And part of me started to ache for something different.

Something quieter.

Cooler.

Sharper.

Because I didn't want to be a hurricane.

I wanted to be the hand that guided it.

The calm in the eye of the chaos.

The one who shaped the storm--not the one consumed by it.

I didn't want to win because I shouted loudest or broke something first.

I wanted to win because no one questioned that I would.

And I hadn't found that yet.

So I kept watching.

The Woman Who Didn't Burn

That ache stayed with me.

The sense that I was circling the truth, building a language but still speaking in fragments.

I had the raw materials.

But I hadn't seen someone who made restraint powerful.

Who made composure magnetic.

Who didn't win by seducing or shouting or crying--but by simply being undeniable.

I didn't want more fireworks.

I wanted a signal.

Someone who made control look inevitable.

Someone who didn't need to win the room--because the room was already hers.

I needed someone who didn't sweat, or shake, or break.

Someone whose certainty was louder than anyone else's noise.

The Moment I Sat Upright

I don't remember the episode.

Just the moment.

She walked into frame fast--confident, professional. But not showy.

Hair perfect. Eyes scanning. Calm, while others panicked.

She didn't interrupt. She listened.

And then, when it was time--she spoke.

And everyone else stopped.

Not because she shouted.

Because she didn't have to.

She had the facts.

The plan.

The tone.

The skill.

She wasn't there to charm. She was there to solve.

No begging. No flirting. No tantrum.

Just competence, delivered so cleanly that it left no room for debate.

Agent 99.

Cool under pressure.

Smarter than the men.

Deadly with a look.

Beautiful, yes--but that wasn't the point.

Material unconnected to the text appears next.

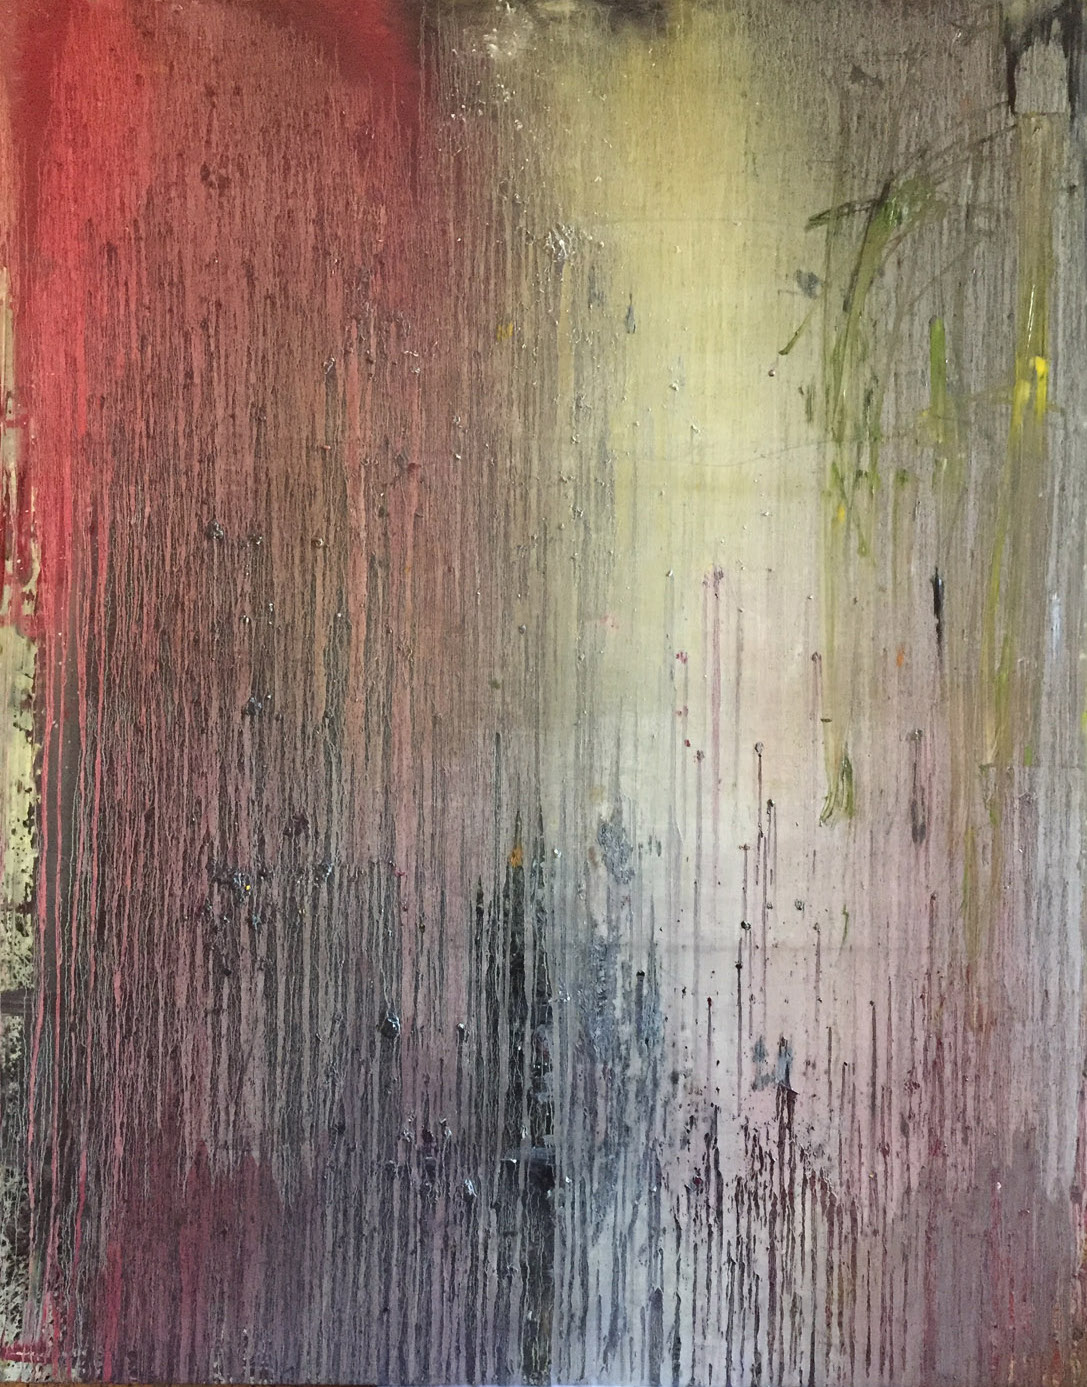 MARC FELD 2020 DICKINSON Huile sur toile 160 x 200 cm

The point was that she made competence seductive.

She made precision glow.

She made me sit upright. Not for thrill.

But for instruction.

The others had made me want power.

She made me want discipline.

The others had made me want to be seen.

She made me want to be followed.

Because Agent 99 didn't chase authority.

She embodied it.

And in that moment--curtains half-drawn, carpet warm under my legs, television humming quietly in the dark--

I stopped watching for entertainment.

And started watching for blueprints.